Batman & Bill is an American documentary film that premiered on Hulu on May 6, 2017. Directed, written and produced by Don Argott and Sheena M. Joyce, the film explores the creation of the Batman, how Bob Kane was accepted as the sole creator, and how Bill Finger was never credited for his work despite creating much of the Batman mythos.

==Premise==
"Everyone thinks that Bob Kane created Batman, but that's not the whole truth. One author makes it his crusade to seek justice for Bill Finger, a struggling writer who was the key figure in creating the iconic superhero, from concept to costume to the very character we all know and love. Bruce Wayne may be Batman's secret identity, but his creator was always a true mystery."

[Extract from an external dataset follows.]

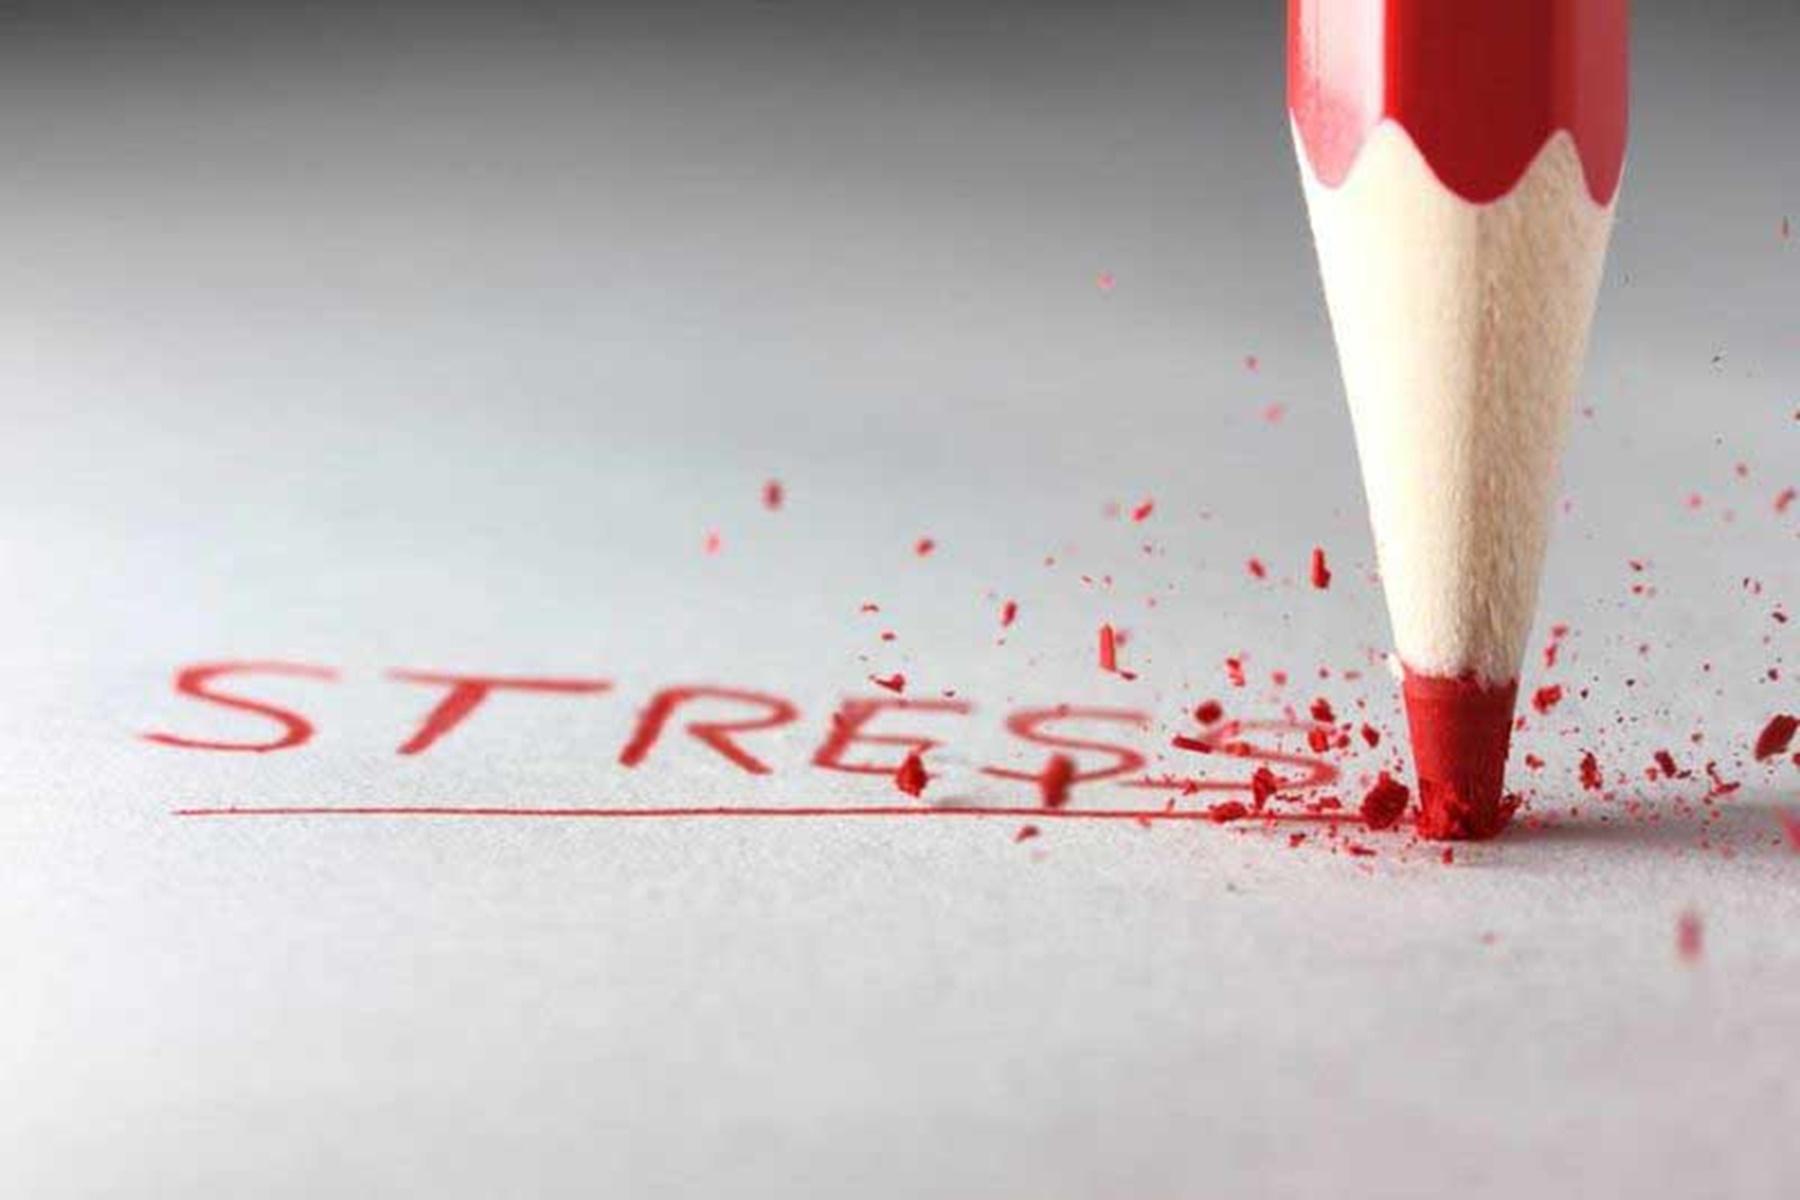 Αυτοφροντίδα : Μάθε να διαχειρίζεσαι το άγχος σου
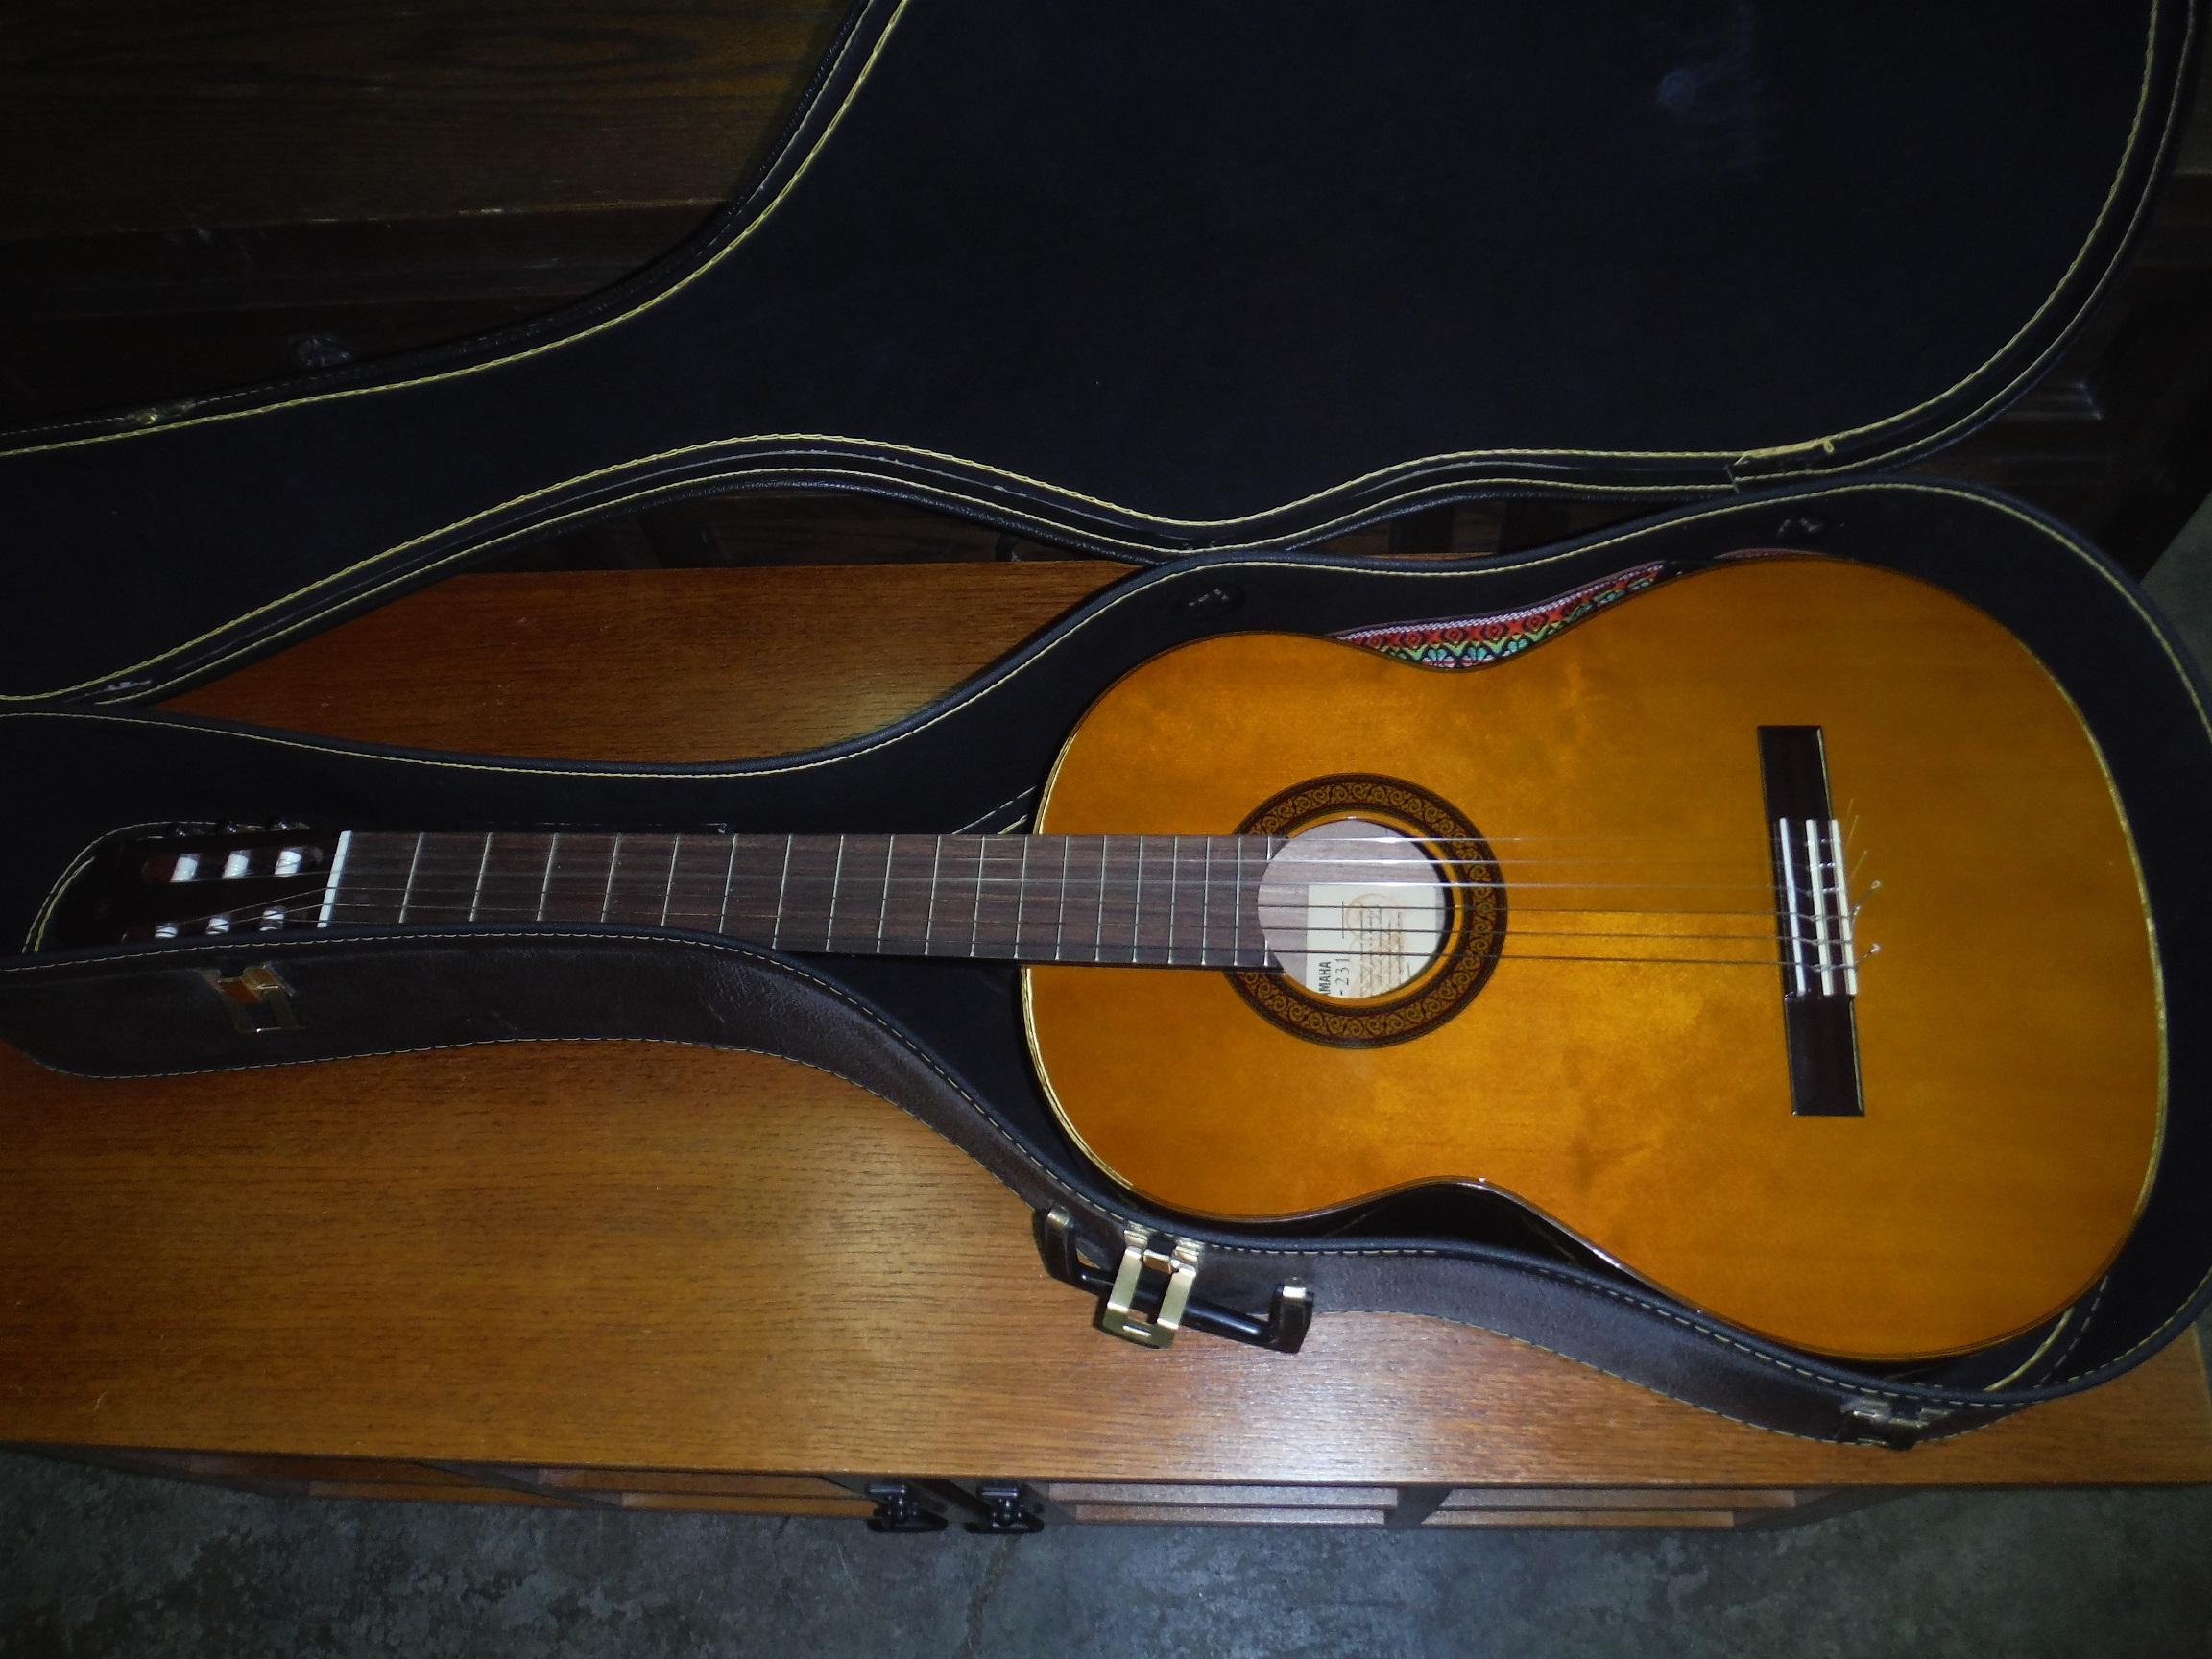 https://0901.nccdn.net/4_2/000/000/056/7dc/guitar.jpg

The documentary focuses on the efforts of Marc Tyler Nobleman to find out about the history of Bill Finger, his involvement with creating the Batman mythos, how Bob Kane got all the initial and subsequent credit and then refusing, until his later years, to acknowledge Finger as being a key contributor, and Nobleman's efforts to find Finger's descendants and the legal battle to get Finger recognized as a co-creator of Batman. His efforts were rewarded with finding Finger's granddaughter, and DC Entertainment reaching an agreement with Finger's family in 2015, wherein all future Batman media will list the character as "created by Bob Kane with Bill Finger."

== Persons featured ==
The documentary features interviews with Marc Tyler Nobleman, Michael E. Uslan, Roy Thomas, Kevin Smith, Todd McFarlane, Charles Sinclair, Thomas Andrae, Fred Van Lente, Arlen Schumer, Carmine Infantino, Jerry Robinson, Bob Kane, Travis Langley, Athena Finger, Benjamin Zaido Cruz, Stacey C. Friends, and Alethia Mariotta.

==Production==
For more than 75 years, Bob Kane had been the sole legally acknowledged creator of Batman. The 2012 book Bill the Boy Wonder: The Secret Co-creator of Batman by Marc Tyler Nobleman challenged that notion by pointing out how Bill Finger is actually the person behind Batman and its mythos. Upon the release of the book, other comic book historians and industry figures also offered their thoughts about Finger. In 2015, DC Entertainment and the family of Bill Finger reached an agreement that recognizes Finger's contributions to the Batman family. Finger received credit in season 2 of the TV series Gotham as well as 2016's Batman v Superman: Dawn of Justice, and now receives on-screen credit for the co-creation of Batman in DC films and television projects.

Nobleman's book served as the inspiration for the documentary. The development of the documentary was announced in 2016. The first trailer was released on April 21, 2017.

== Reception ==
On review aggregator website Rotten Tomatoes, the film has an approval rating of 88% based on eight reviews and an average rating of 7.1/10.